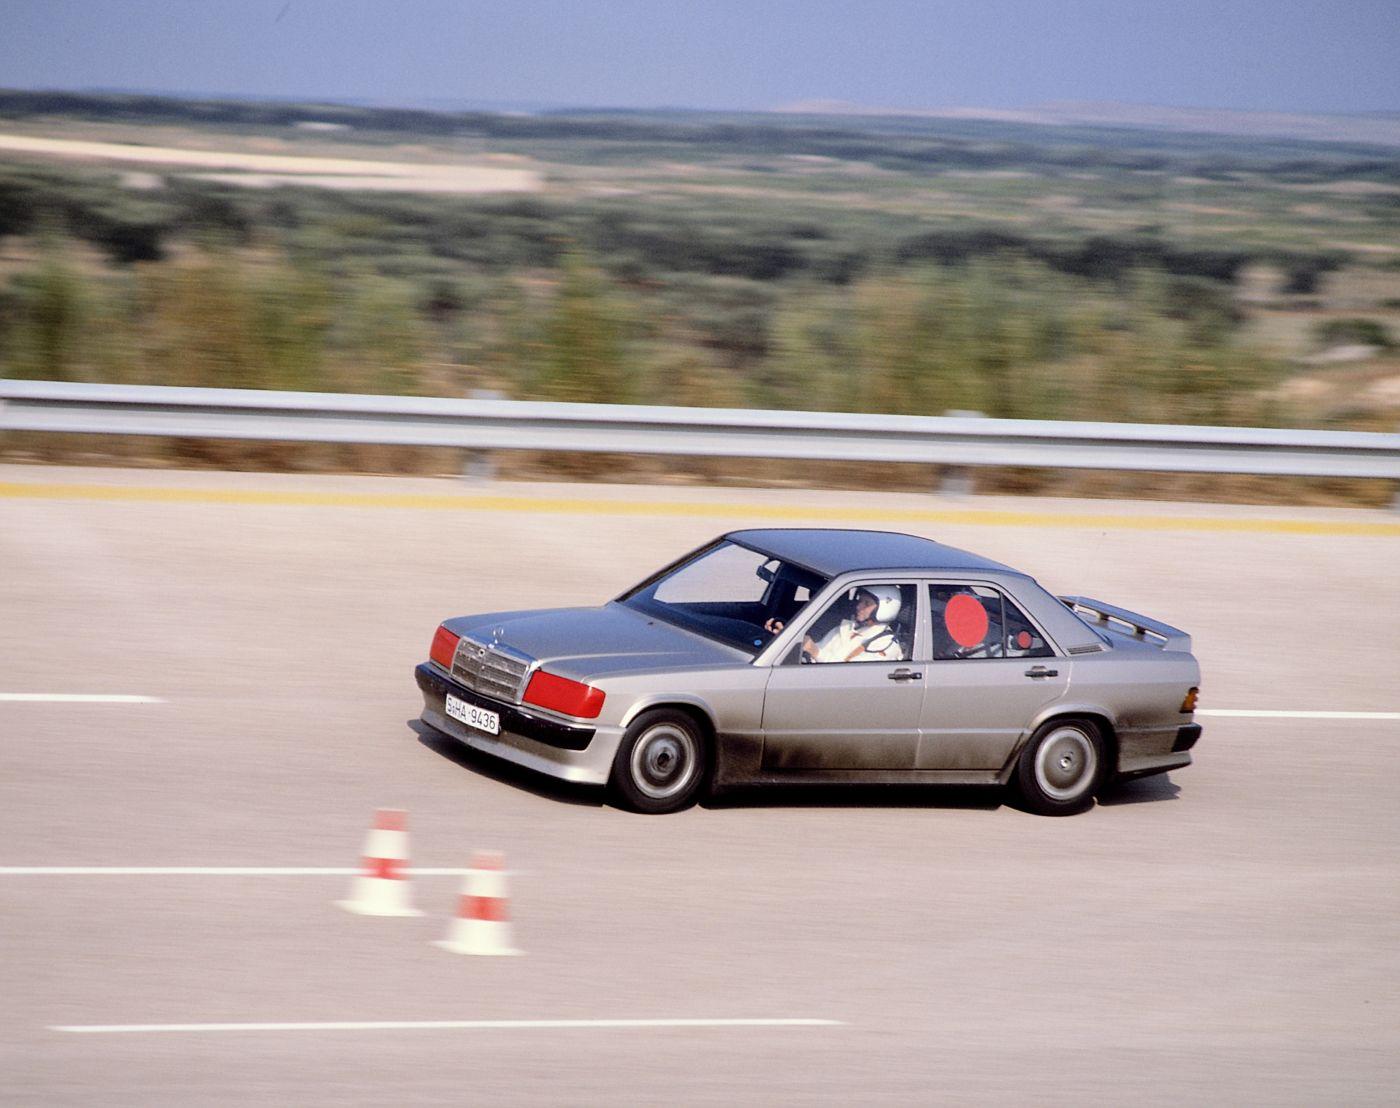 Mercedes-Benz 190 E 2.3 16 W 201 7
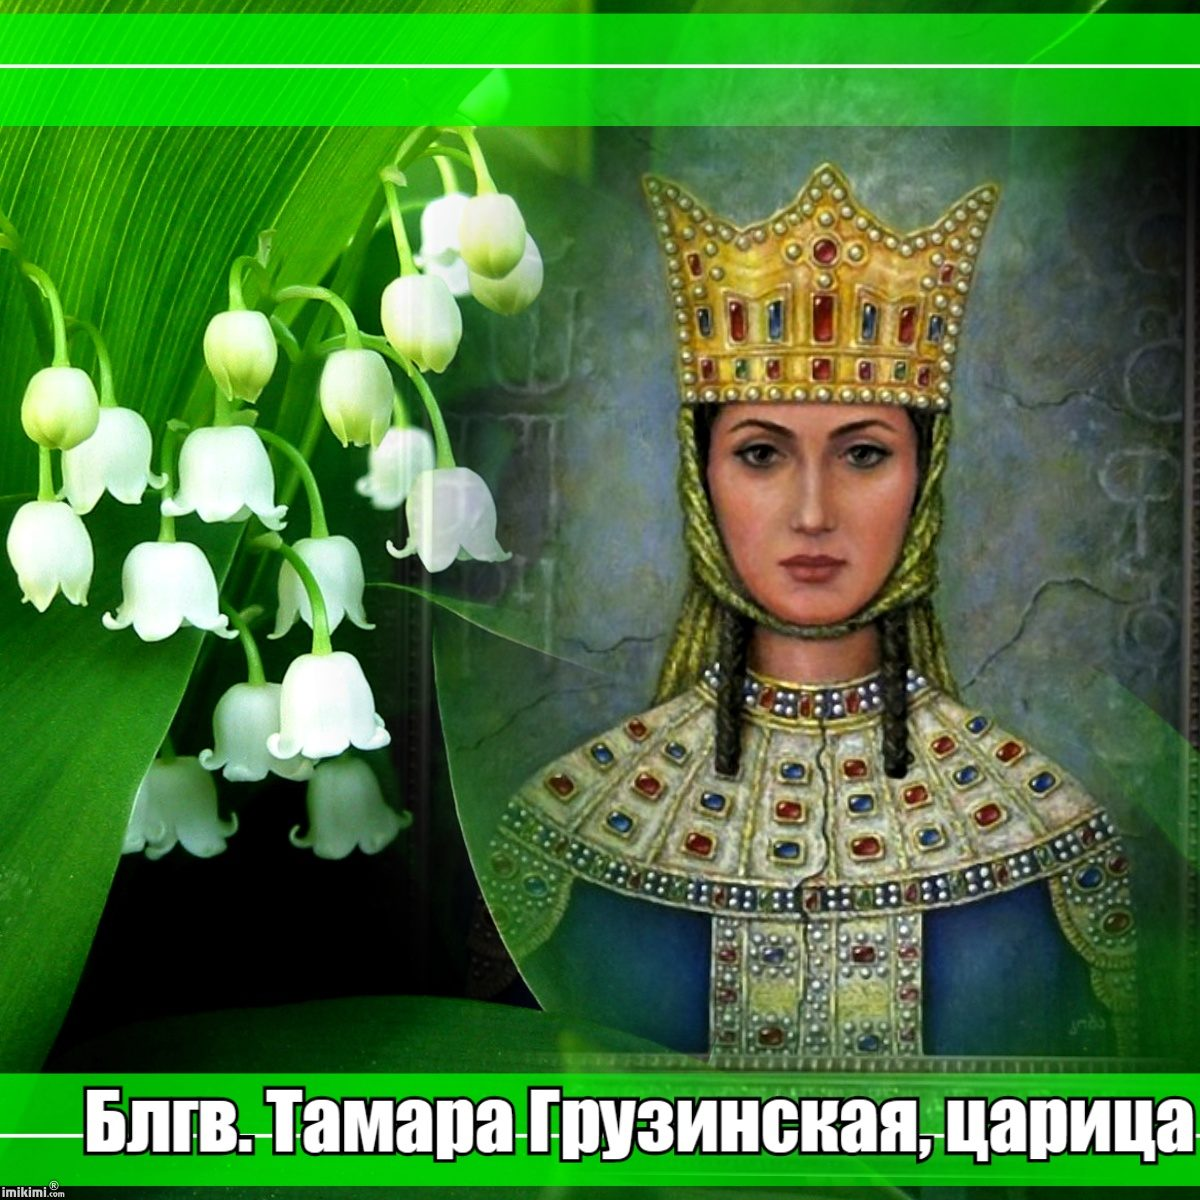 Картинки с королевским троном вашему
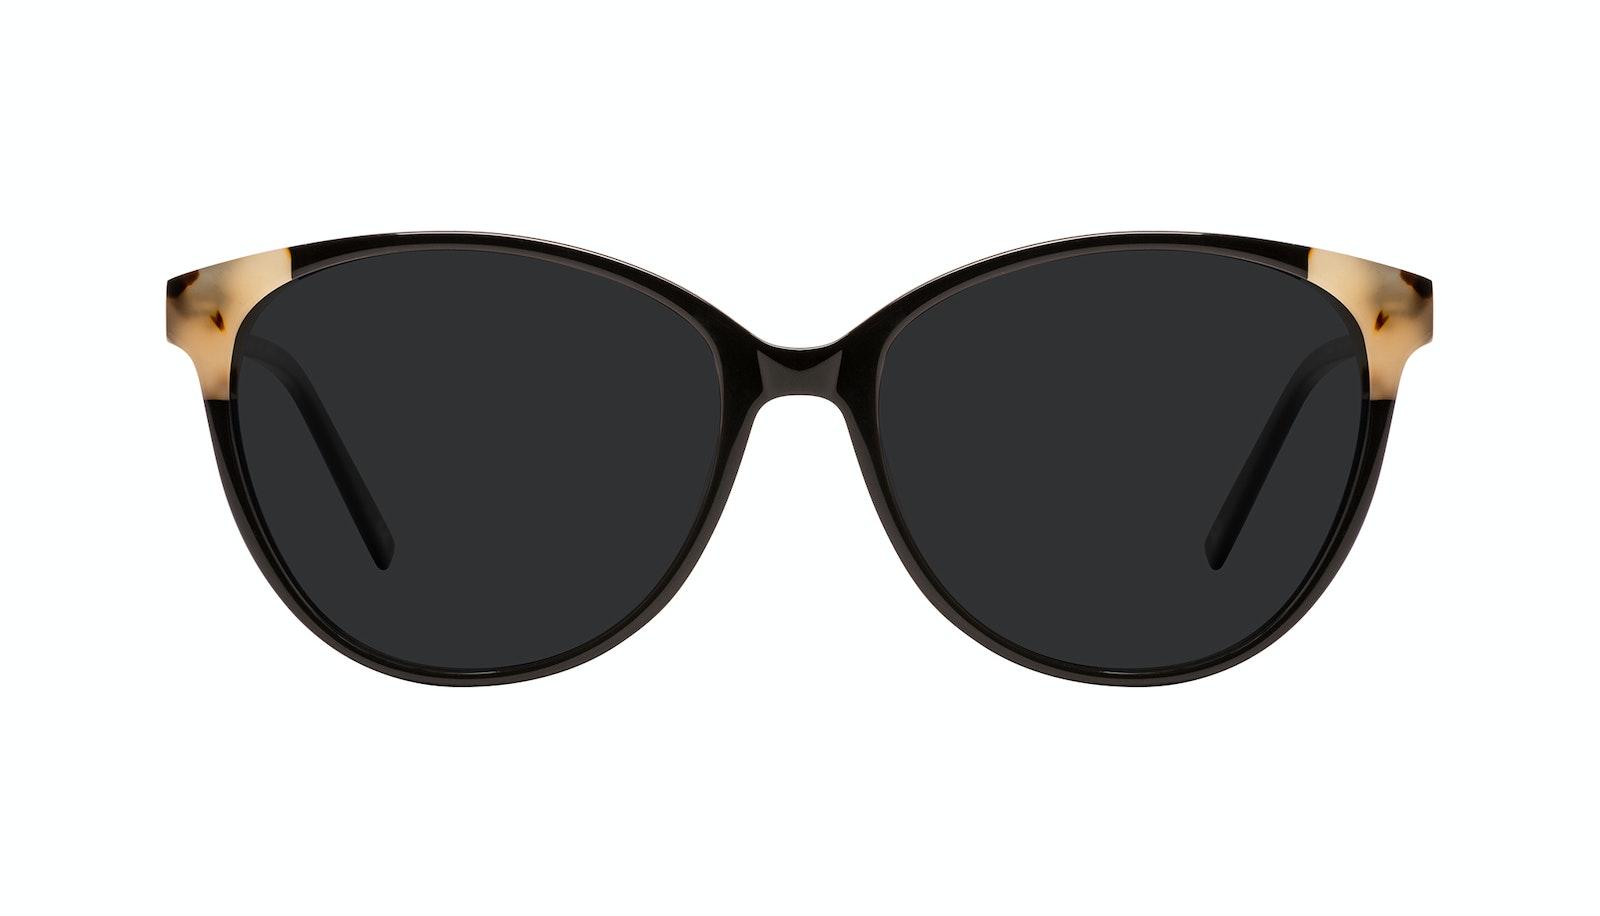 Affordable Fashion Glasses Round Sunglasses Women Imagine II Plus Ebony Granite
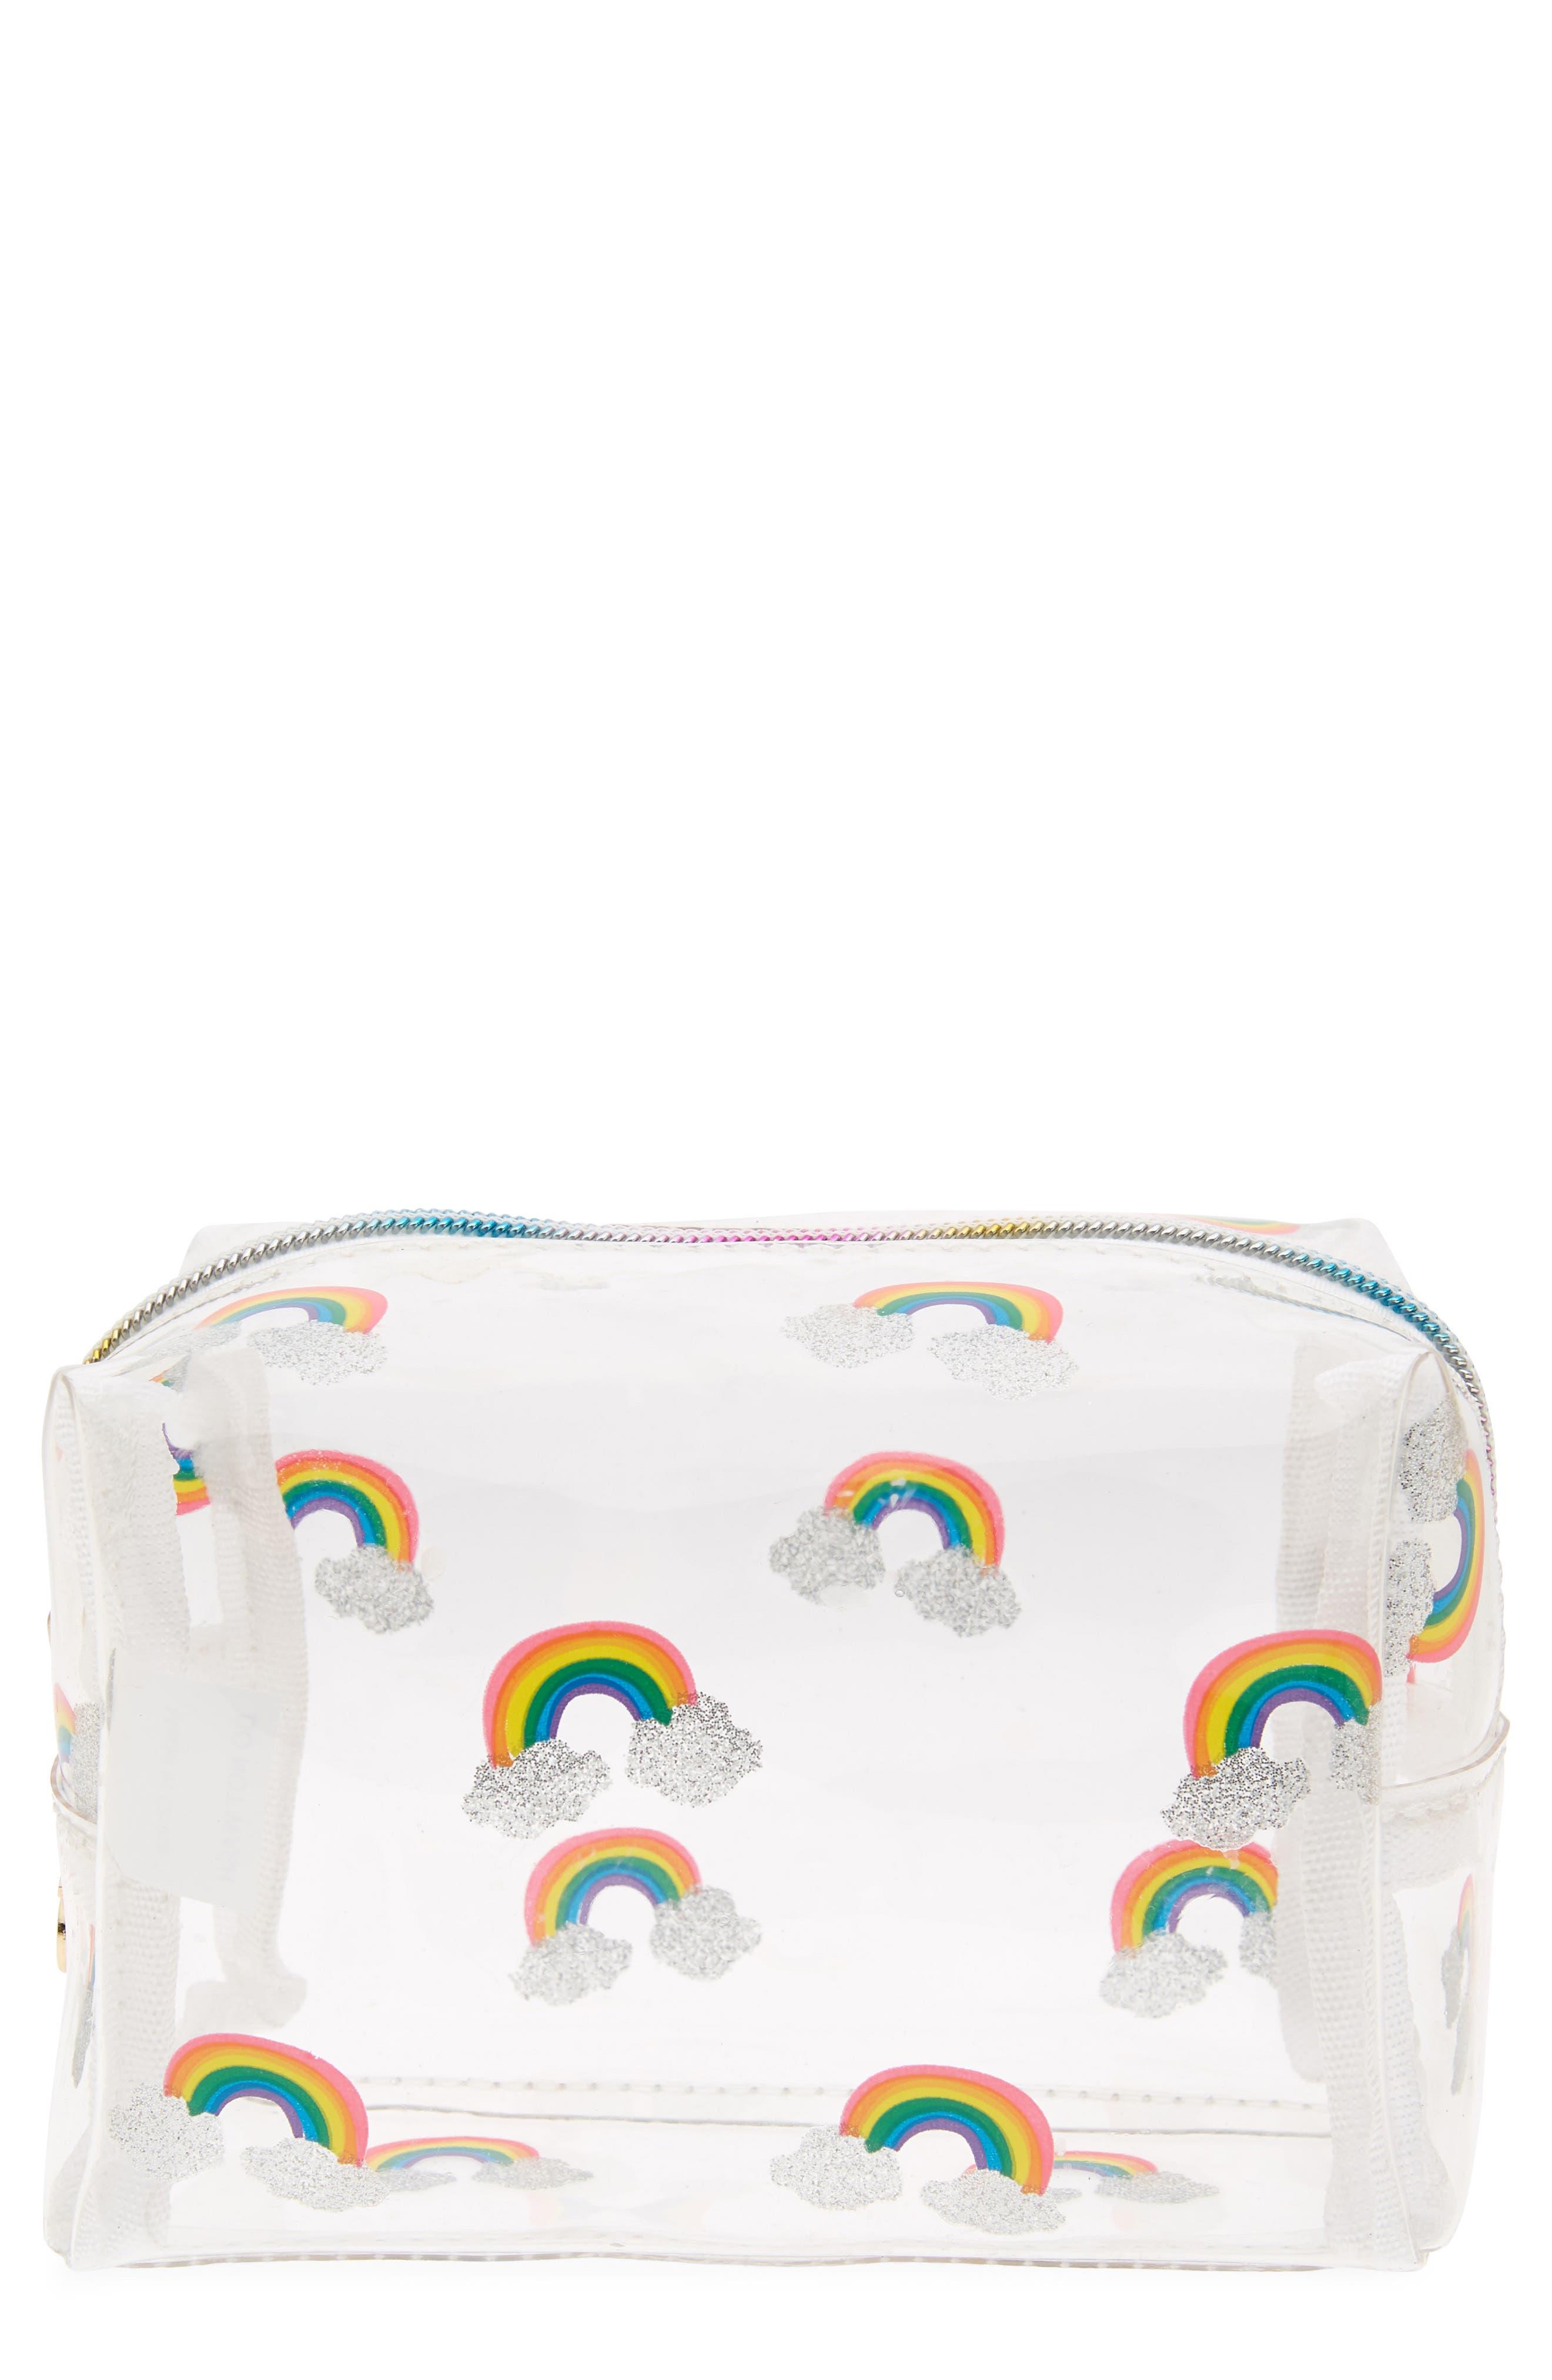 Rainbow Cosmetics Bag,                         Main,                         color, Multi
- - - - -
▶ [WHAT THIS TASK INVOLVES]
The whole listing above must be duplicated word for word, apart from its pictures.

▶ [RESULT OF THIS EXERCISE]
 Mercedes-Benz 190 E 2.3 16 W 201 7
 Картинки с королевским троном вашему
 Affordable Fashion Glasses Round Sunglasses Women Imagine II Plus Ebony Granite
 Rainbow Cosmetics Bag,                         Main,                         color, Multi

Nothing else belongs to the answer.